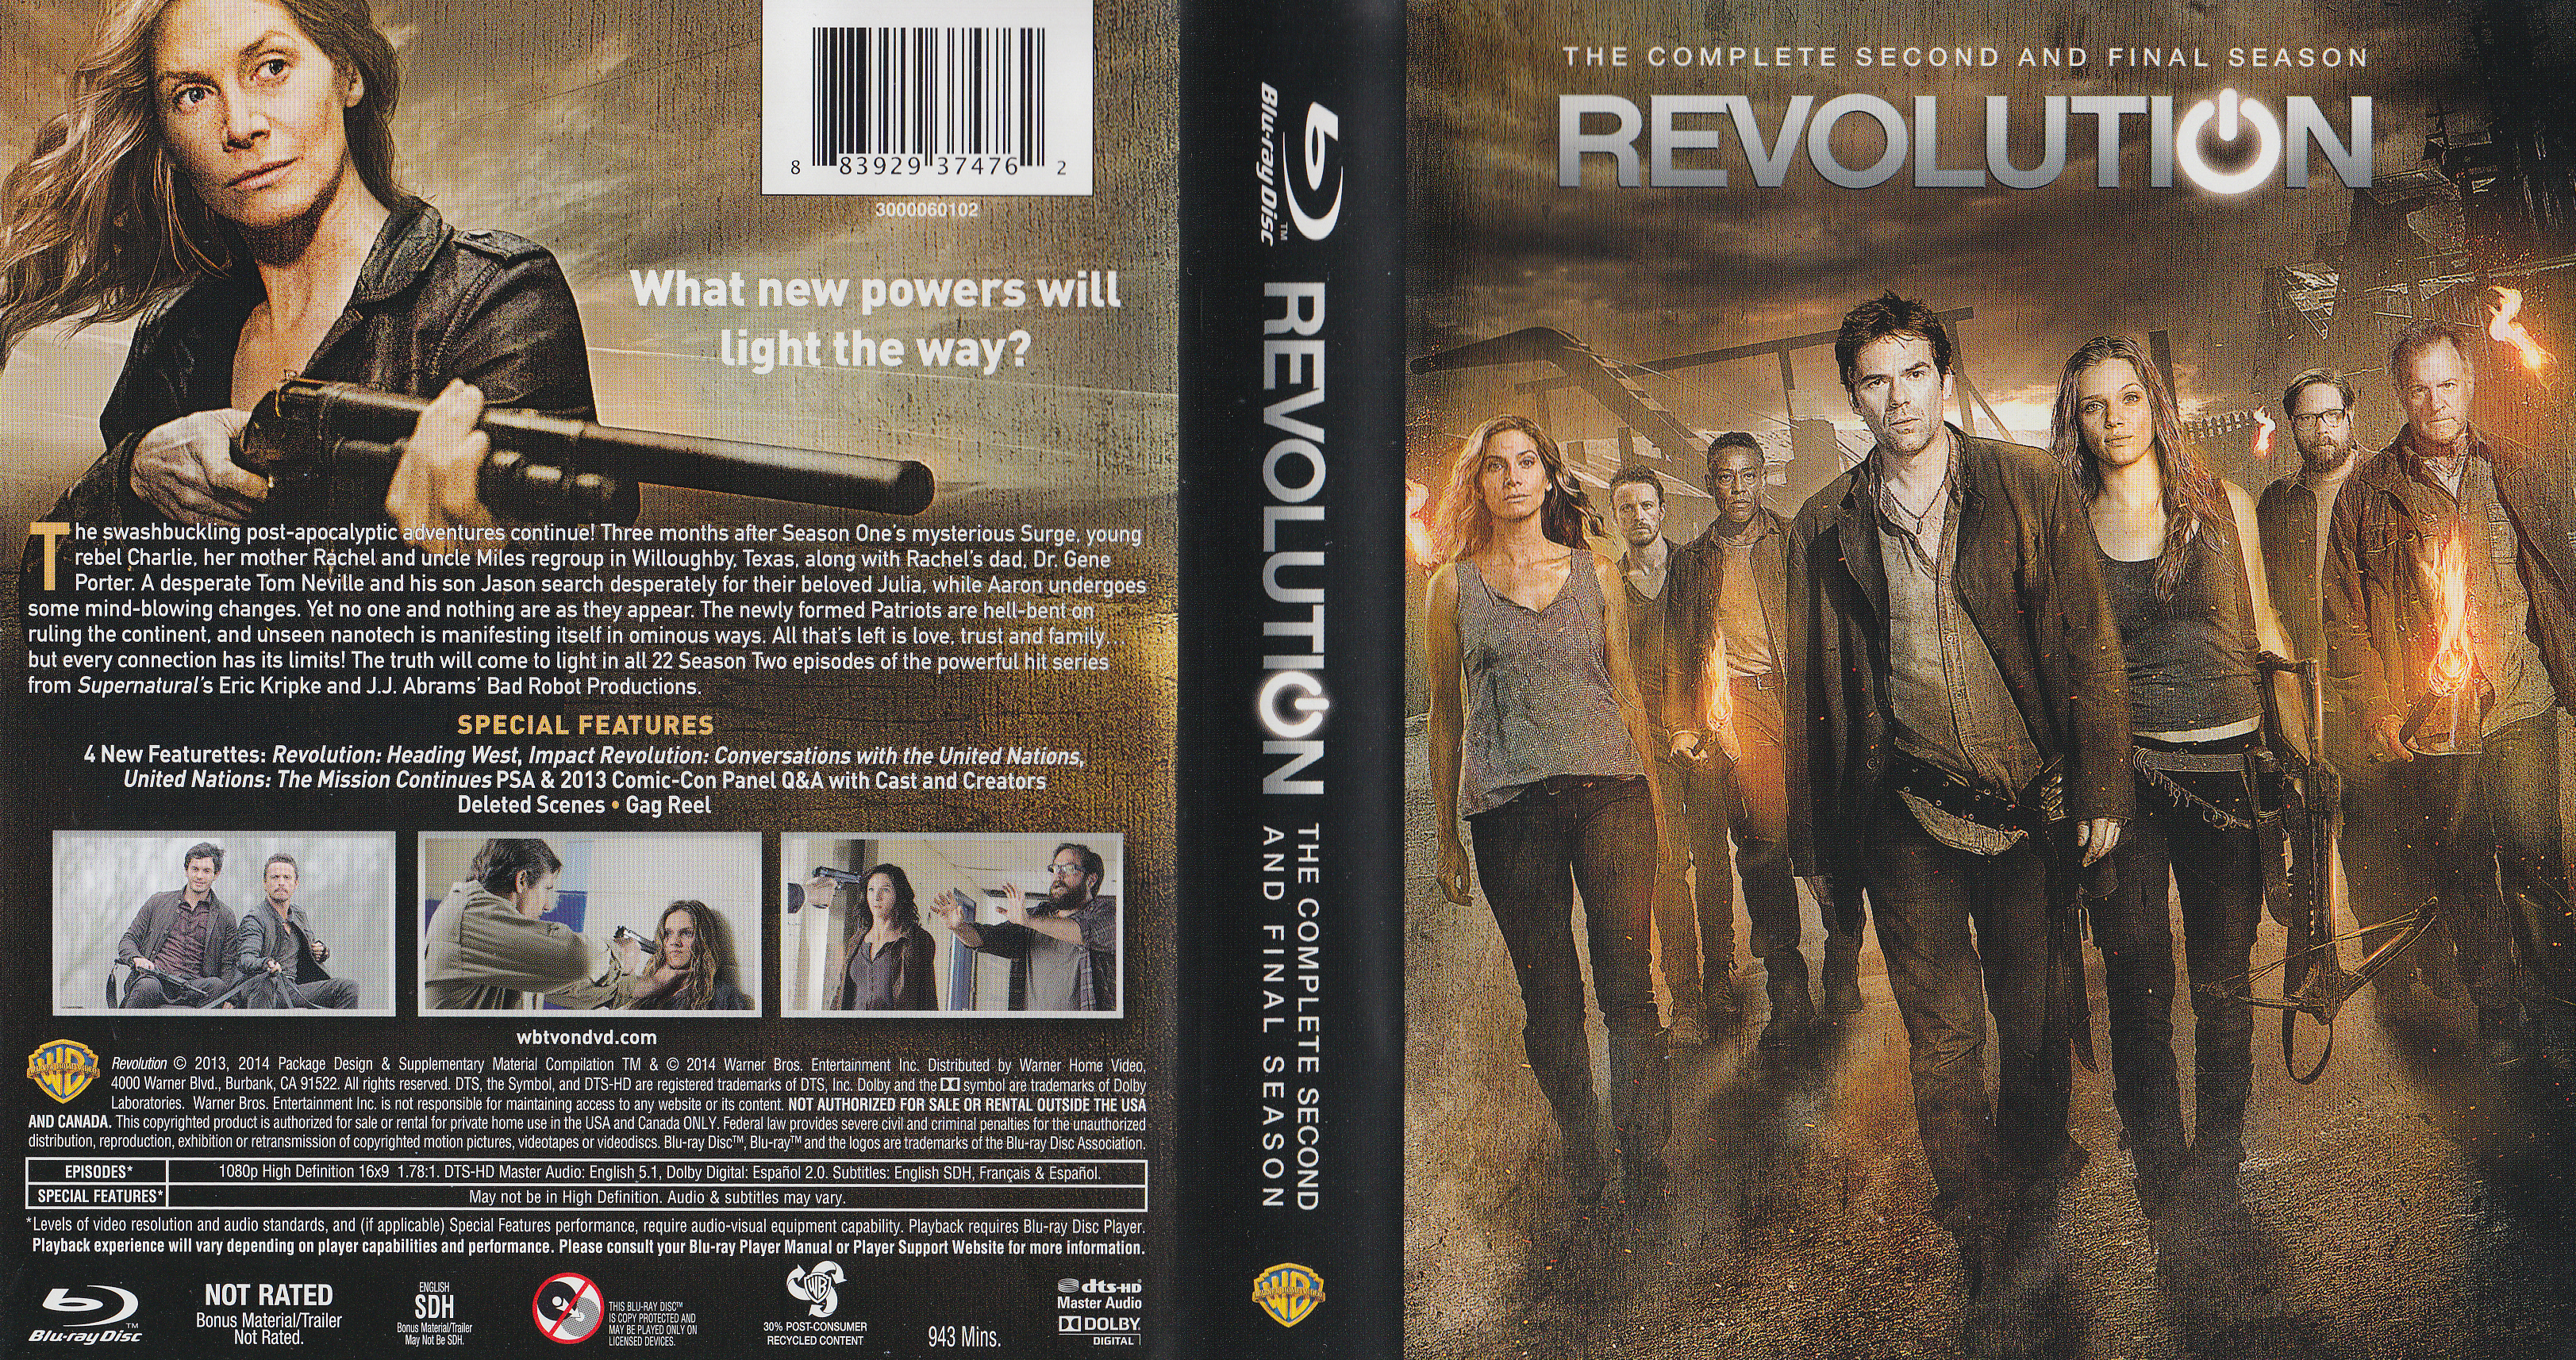 Jaquette DVD Revolution Saison 2 Zone 1 (BLU-RAY)
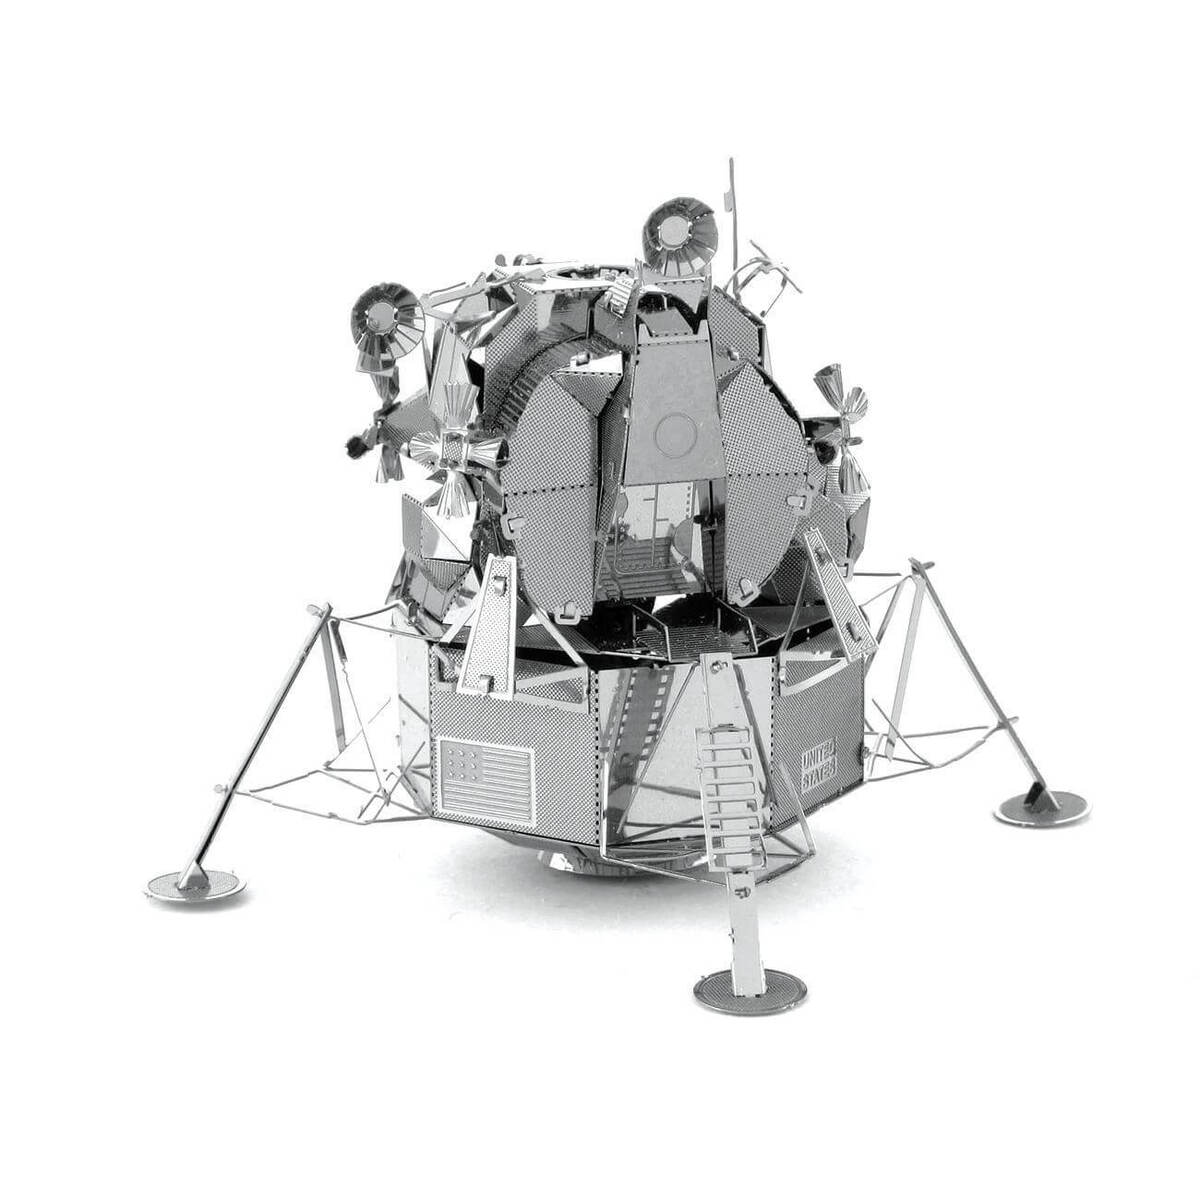 Tweezer  010947 Metal Earth Apollo Lunar Rover 3D Metal  Model 
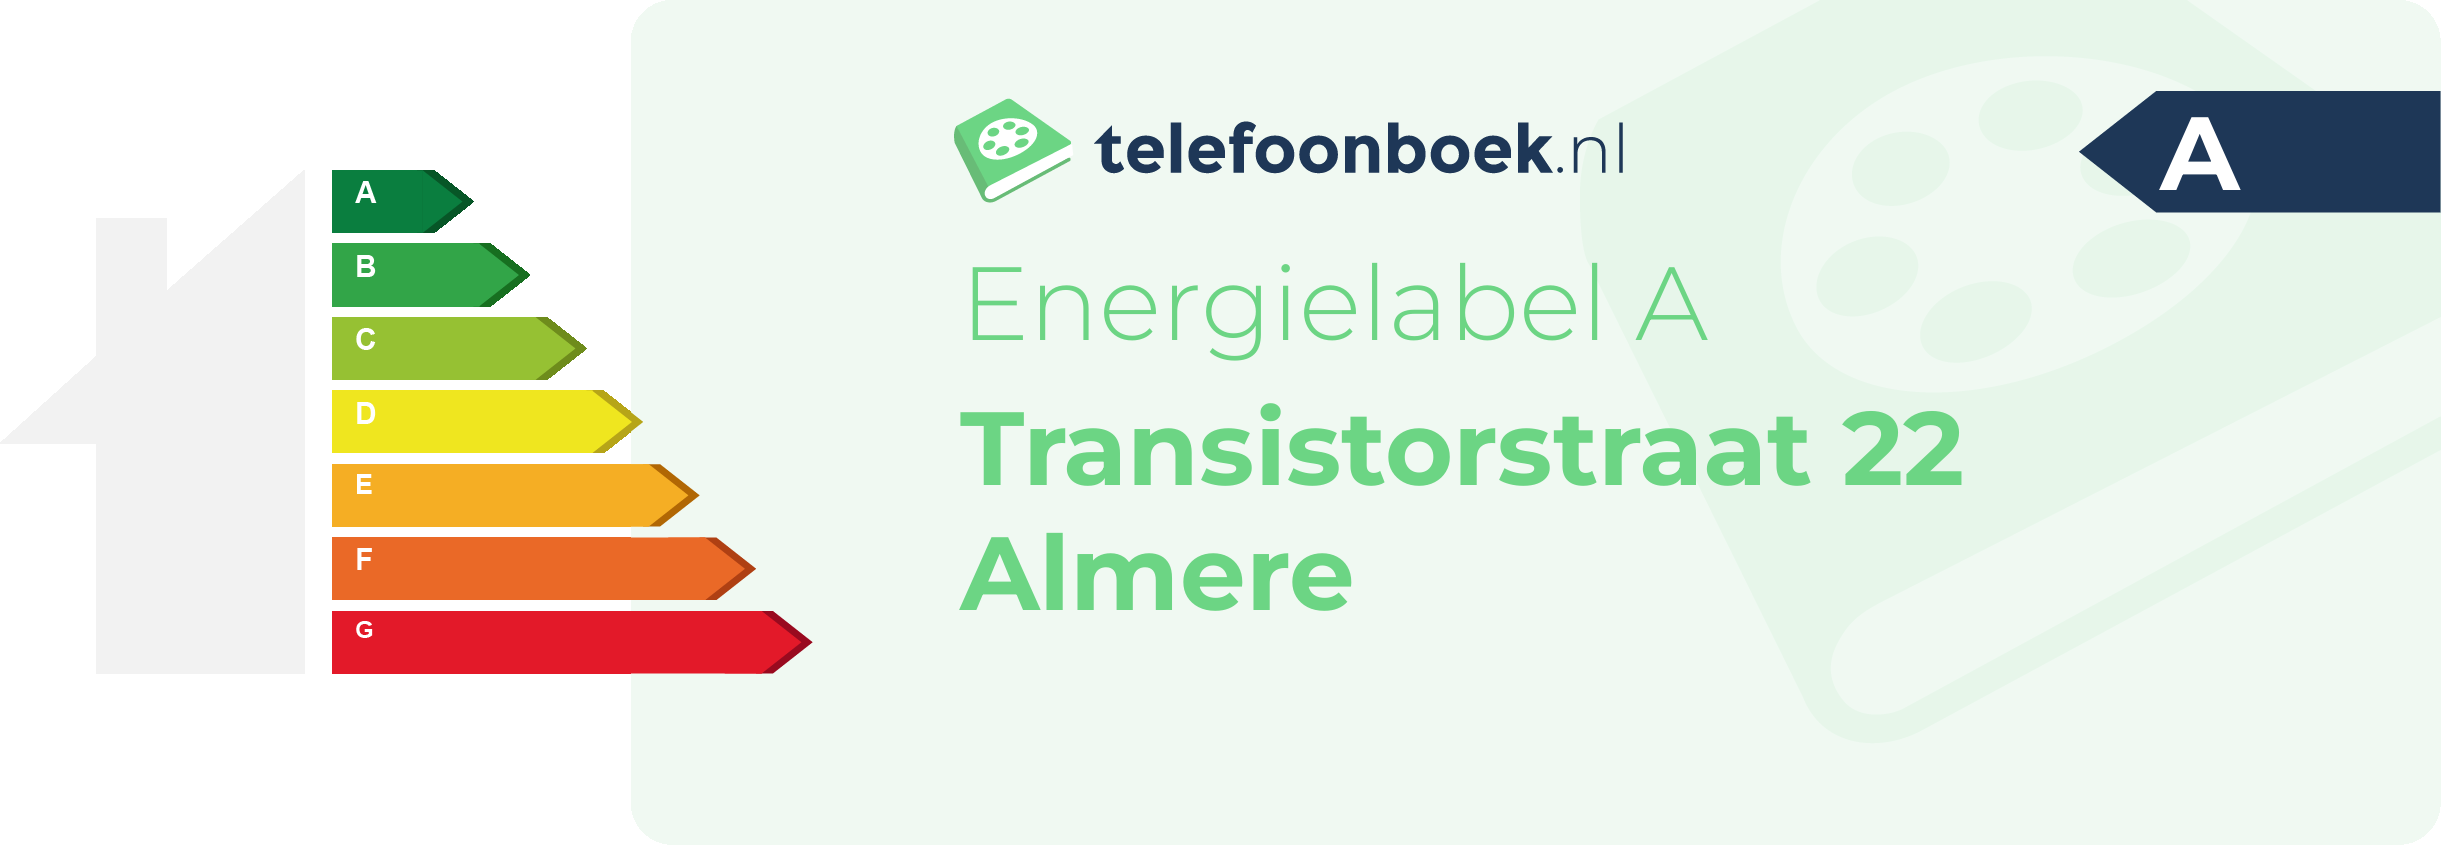 Energielabel Transistorstraat 22 Almere

----

### Assigned task
Could you set down the material above word for word while dropping its pictures?

### Completed task
 Jaquette DVD Revolution Saison 2 Zone 1 (BLU-RAY)
 Tweezer  010947 Metal Earth Apollo Lunar Rover 3D Metal  Model 
 Energielabel Transistorstraat 22 Almere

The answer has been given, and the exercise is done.